El gobierno ha calificado la crisis sanitaria de fuerza mayor, algo que para los juristas significa imprevisible e inevitable.
Sin embargo, algo me dice que era imprevisible saber las circunstancias de la epidemia, en este momento y con ese impacto, pero lo que sí podía preverse era que algún día existiría una emergencia sanitaria derivada de una epidemia (¿o creíamos que solo le toca el ébola a Africa y las gripes benignas a Europa?). Muchas voces alertaban del riesgo de epidemias, asociadas a su rápida propagación por el mundo global, pero al igual que cuando nos alertan del calentamiento global o de la quiebra del sistema de pensiones, nos parecía algo lejano y seguíamos bailando felices como los cerditos del cuento.
También parecían inevitables los perjuicios, pero lo que sí parece evitable era la entidad, extensión y persistencia con que se está produciendo.
O sea, una fuerza mayor que no era tan imprevisible ni tan inevitable.
Por si fuera poco, confieso que me quedo anonadado ante la información sobre el invasor. Las informaciones oficiales son volátiles y parecen oficiosas. Las informaciones de las redes sociales nos producen indigestión de información. Tan pronto se dice una cosa como la contraria. Tan pronto llegan los medios sanitarios como están en camino. Nos dicen que nos acercamos al pico de la epidemia, pero como el Everest parece inalcanzable.

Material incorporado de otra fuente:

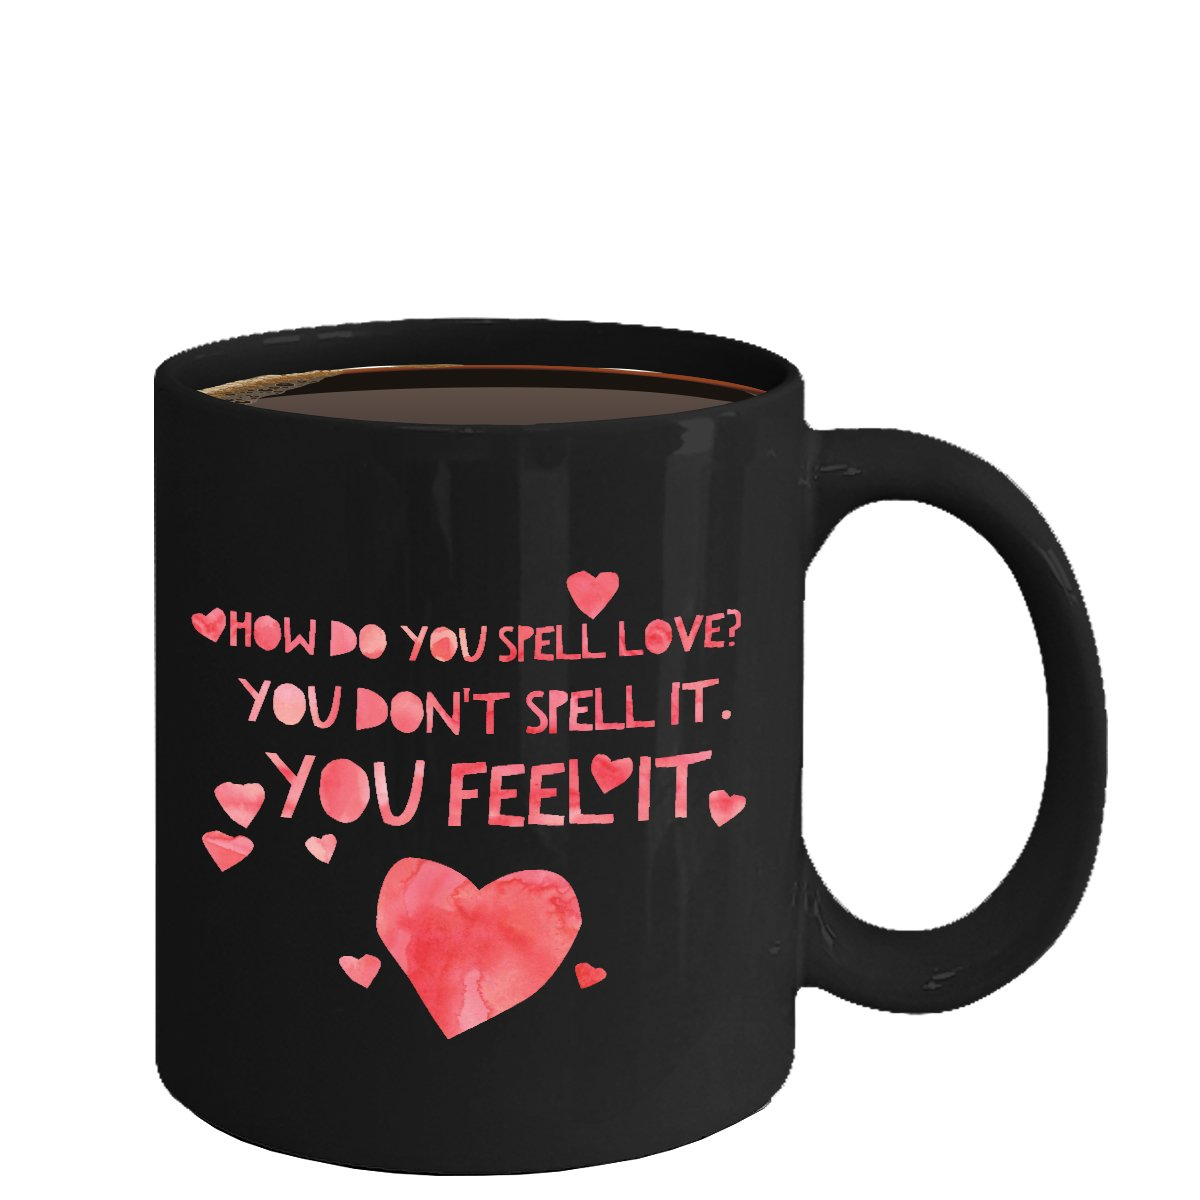 Love Ceramic Coffee Mug - Spell Love - Cute Large Cup (Black) - Best Gift for Men, Women
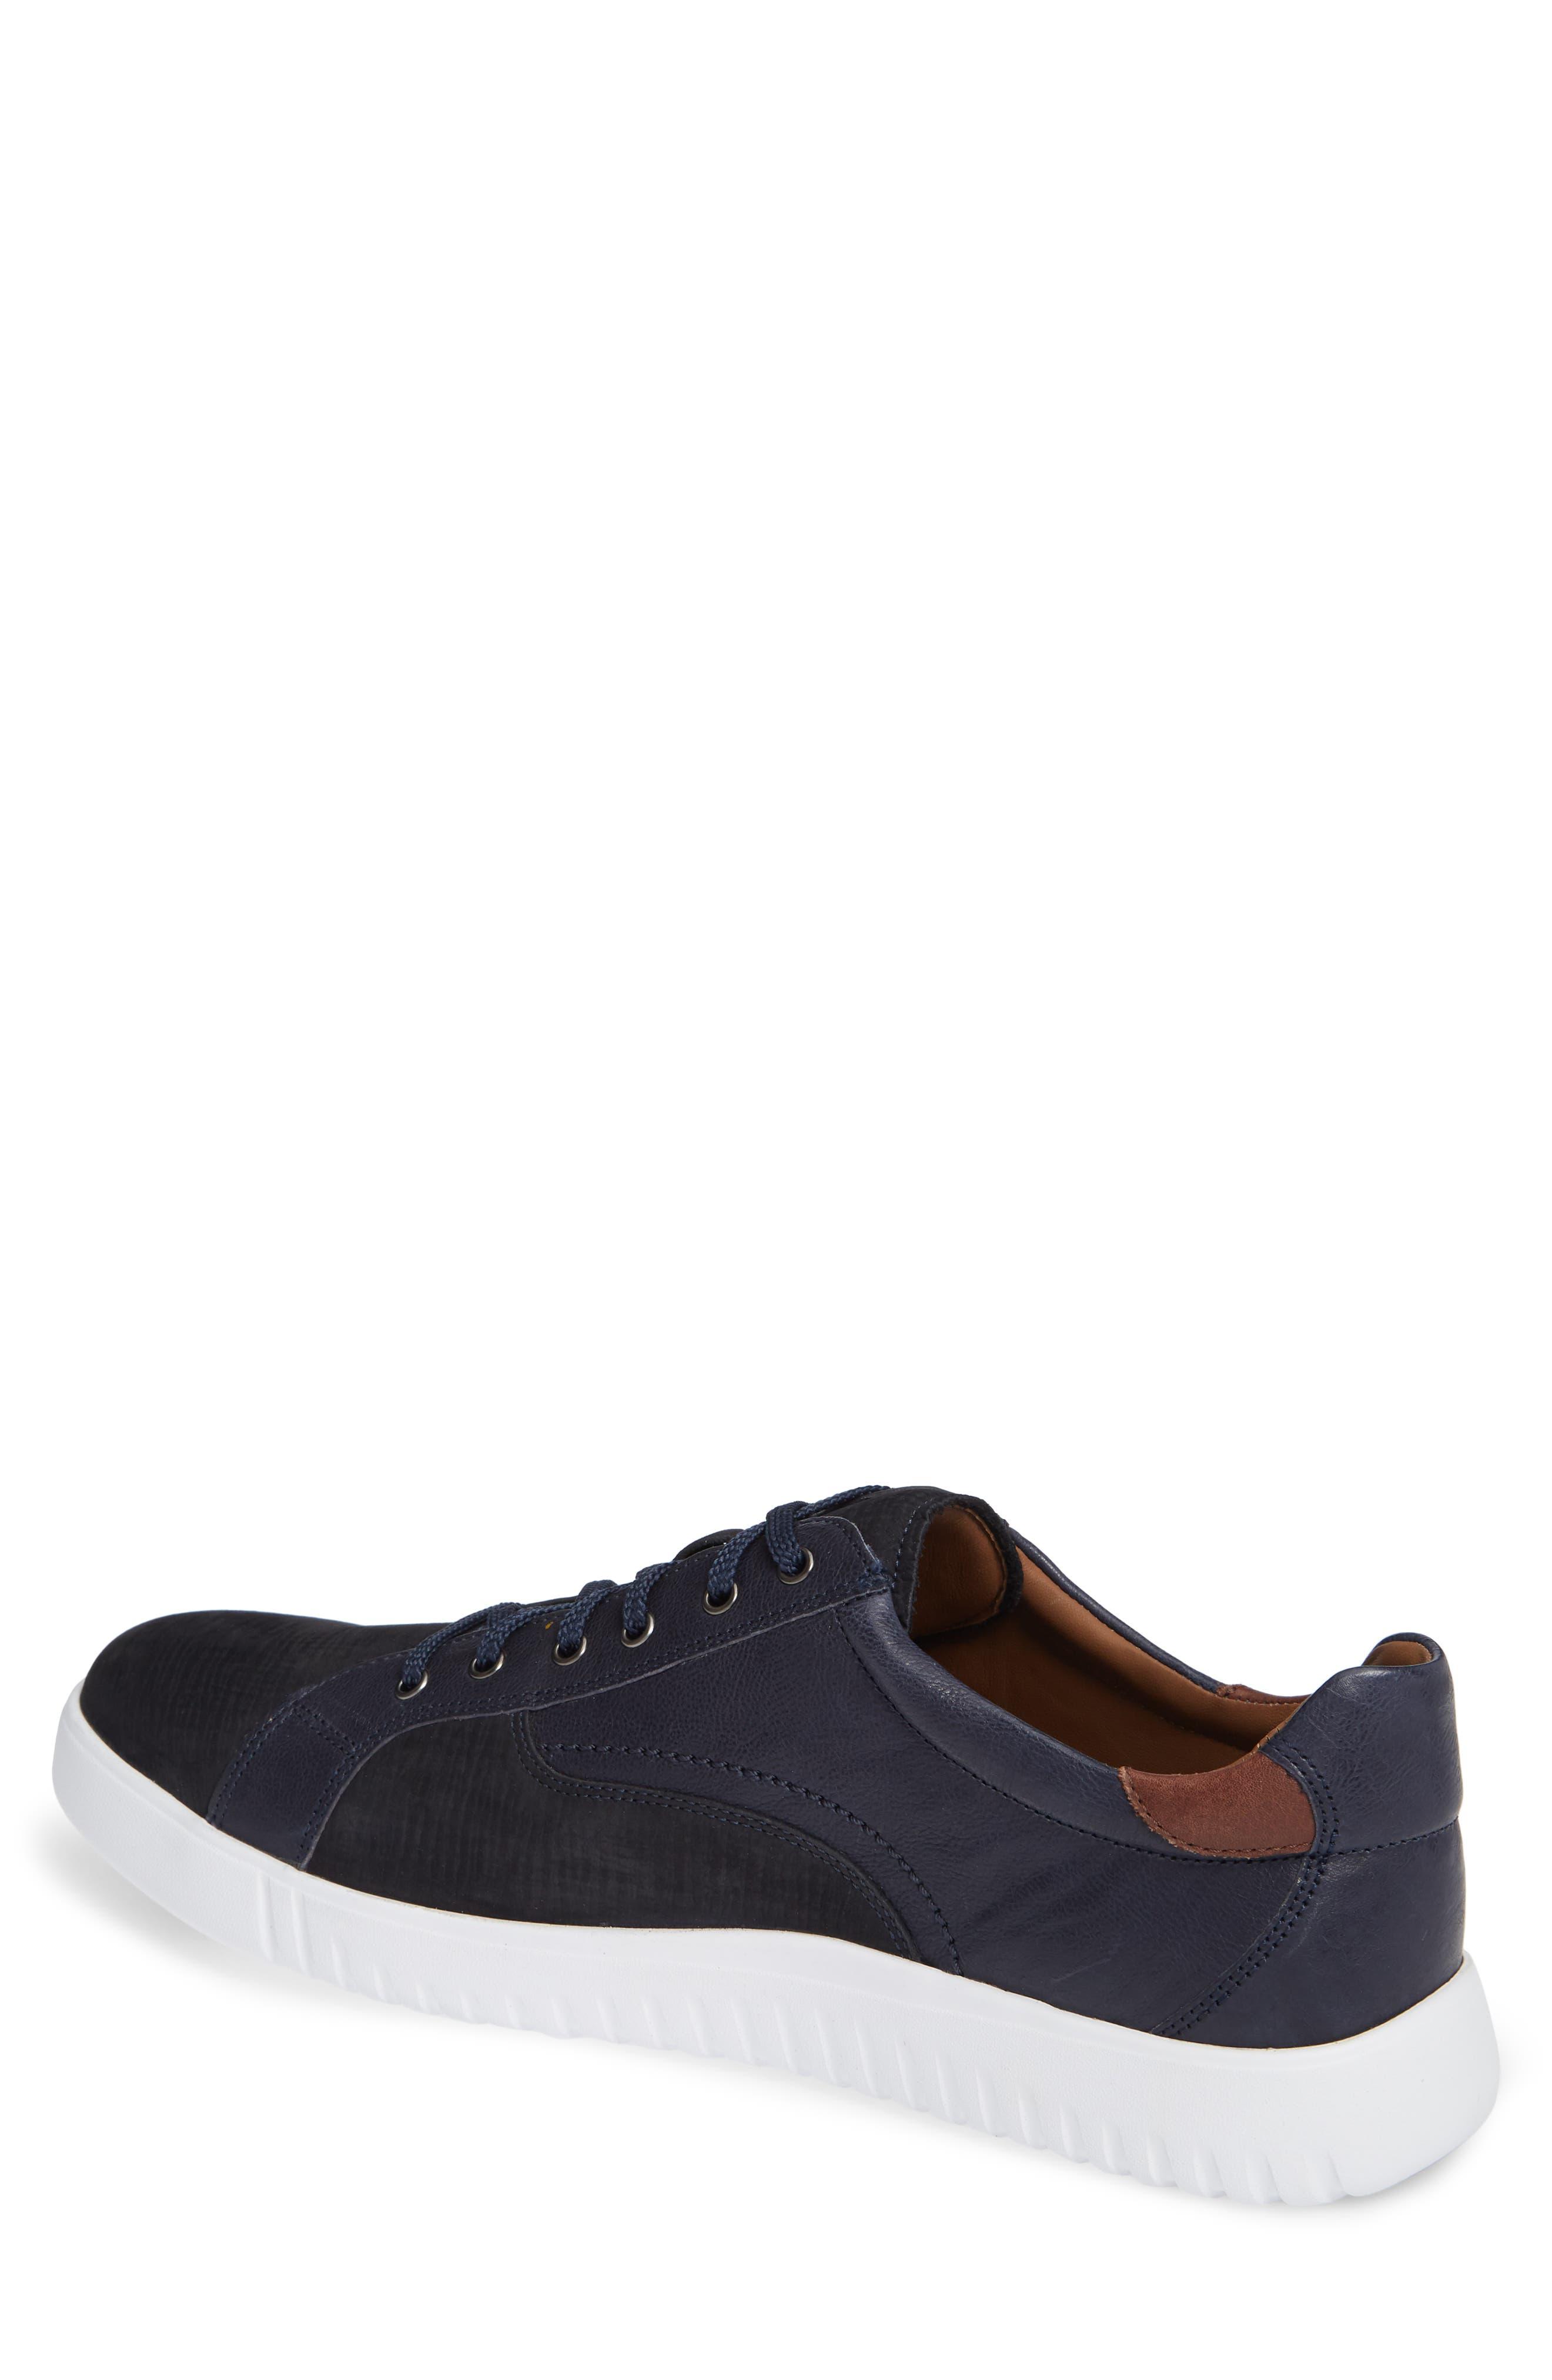 JOHNSTON & MURPHY, McFarland Sneaker, Alternate thumbnail 2, color, NAVY NUBUCK

El único dato realista que nos sacude y nos debe preocupar son los 10000 muertos cosechados en España. Los cincuenta mil muertos en el mundo, y subiendo. No debe distraernos si hay más o menos contagiados ni si hay más o menos curados, pues son cifras fáciles de manipular según se contabilicen y según se practiquen o no las pruebas idóneas. En cambio, la cifra de muertos no se manipula, y si está manipulada a la baja, resulta todavía escandalosamente alta.
Resulta escalofriante acostumbrarse a 900 muertos diarios más en España. 900 personas que se acuestan hoy y mañana no se levantarán. 900 personas que desaparecen sin abrazos ni funerales, en la distancia de seguridad. 900 personas que hace quince días hacían su vida, sus planes, reían y creían que la vida seguiría igual. 900 personas con sus familias, sus sueños y recuerdos. Y lo peor, esas 900 personas de ayer serán seguidas de otras 900 mañana, y otras pasado mañana, si nadie para este tren sin frenos.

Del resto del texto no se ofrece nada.